The Board of Directors has delegated certain authority to designated
committees. Standing committees of the Board currently include an Audit
Committee, a Compensation Committee and a Stock Benefit Committee, the current
membership and duties of which are set forth below. The Board does not have a
nominating committee or a committee performing the functions of a nominating
committee. Although there are no formal procedures for stockholders to nominate
persons to serve as directors, the Board will consider nominations from
stockholders, which should be addressed to the Company's Secretary at the
Company's address set forth above.
Audit Committee Compensation Committee Stock Benefit Committee
Sanford L. Kane Sanford L. Kane Sanford L. Kane
Jon B. Minnis Jon B. Minnis Jon B. Minnis
N. Damodar Reddy
Audit Committee. The Audit Committee consists of two directors and
exercises the following powers: (1) meets with the Company's independent
accountants to review the adequacy of the Company's internal control systems and
financial reporting procedures; (2) reviews the general scope of the Company's
annual audit and fees charged by the independent accountants; (3) reviews and
monitors the performance of non-audit services provided by the independent
accountants; and (4) reviews interested transactions between the Company and any
of its affiliates and any other matter to be passed upon by an audit committee
as a matter of law or pursuant to the rules and regulations of any stock
exchange or other securities market upon which the Company's securities may be
listed.
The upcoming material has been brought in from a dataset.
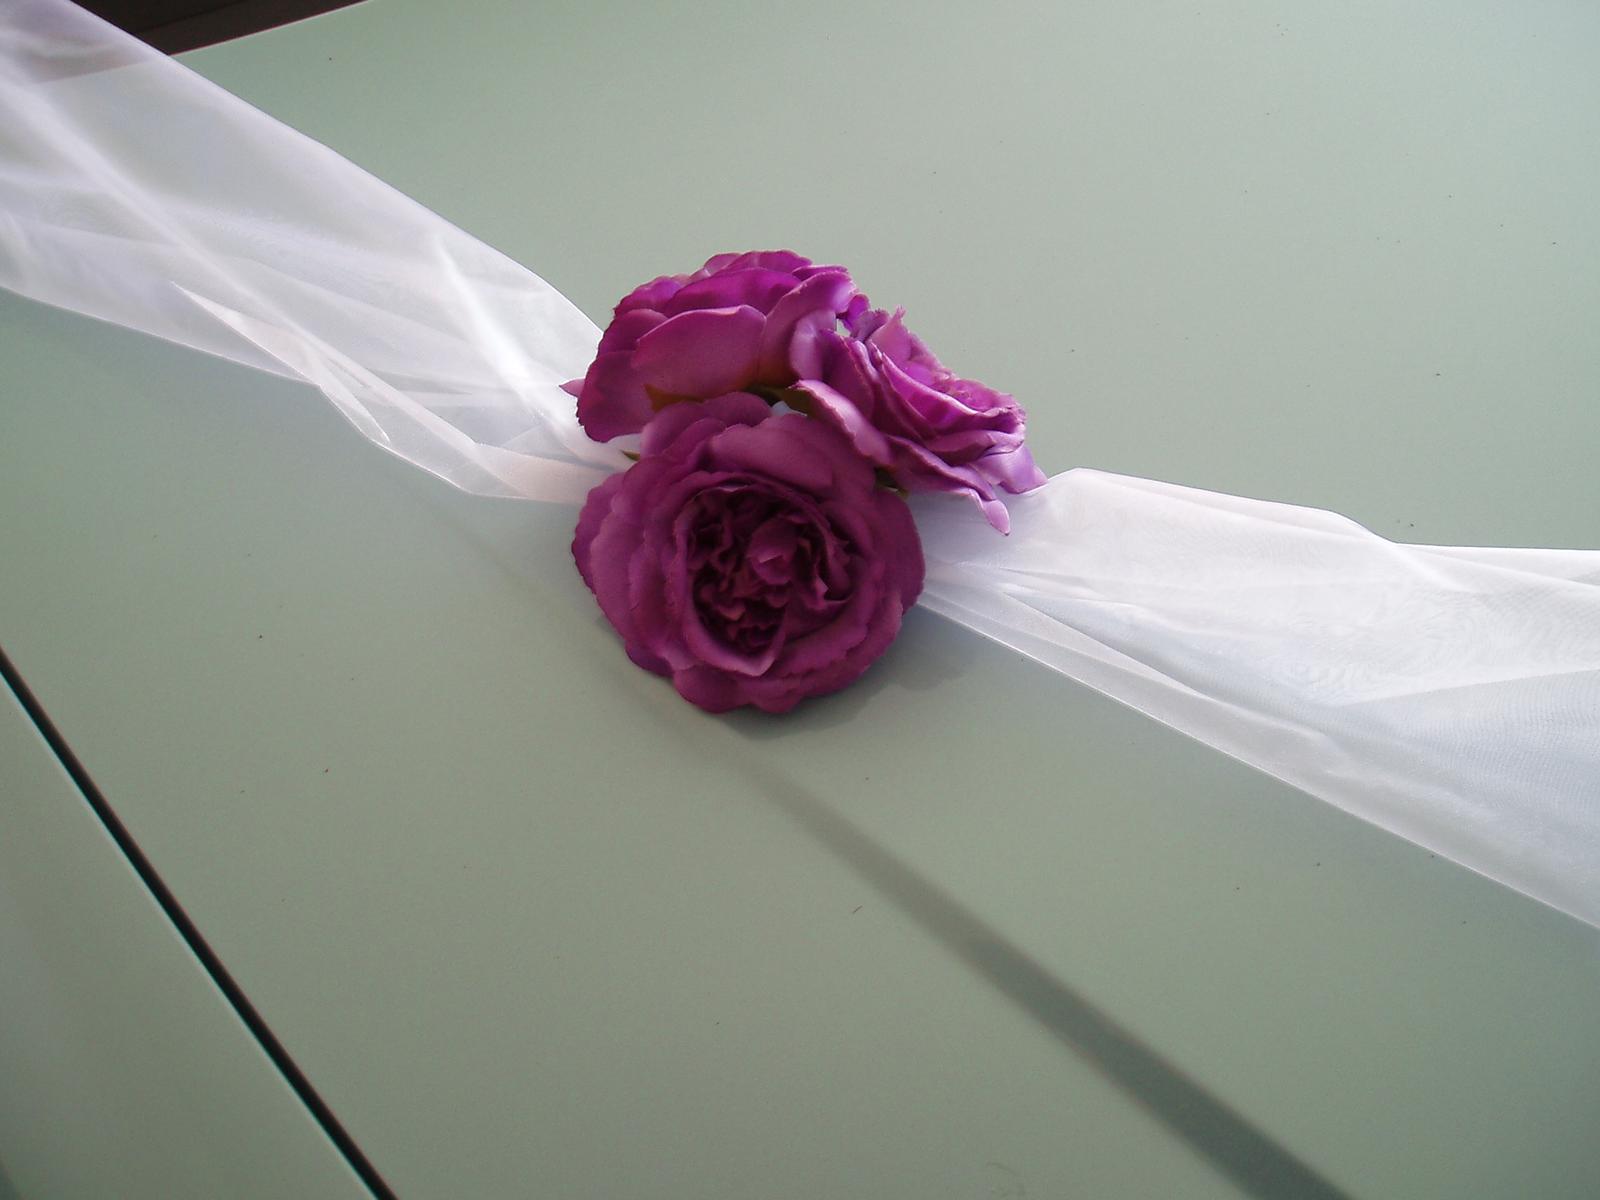 šerpa fialové růže - Obrázek č. 3

The Audit Committee held one meeting in fiscal 1998.
Compensation Committee. The Compensation Committee consists of three
directors and sets all non-stock compensation for the Company's officers,
employees and service providers, other than directors. The Compensation
Committee met once and acted by unanimous written consent once in fiscal 1998.
4
<PAGE>
Stock Benefit Committee. The Stock Benefit Committee consists of two
directors and administers the Company's 1992 Stock Option Plan, 1993 Directors
Stock Option Plan, 1996 Employee Stock Purchase Plan and other stock benefit
plans for officers, employees and other service providers; however, the Stock
Benefit Committee does not administer discretionary stock benefit plans for
directors. The Stock Benefit Committee met once and acted by unanimous written
consent sixty-five times in fiscal 1998.
Directors' Compensation
Directors resident in California do not receive compensation for
serving as members of the Company's Board of Directors; directors resident
outside California receive a $5,000 fee for each meeting of the Company's Board
of Directors physically attended by such director (provided, however, that no
such director shall be paid more than $20,000 during any fiscal year). All
directors are reimbursed for expenses incurred attending meetings of the Board.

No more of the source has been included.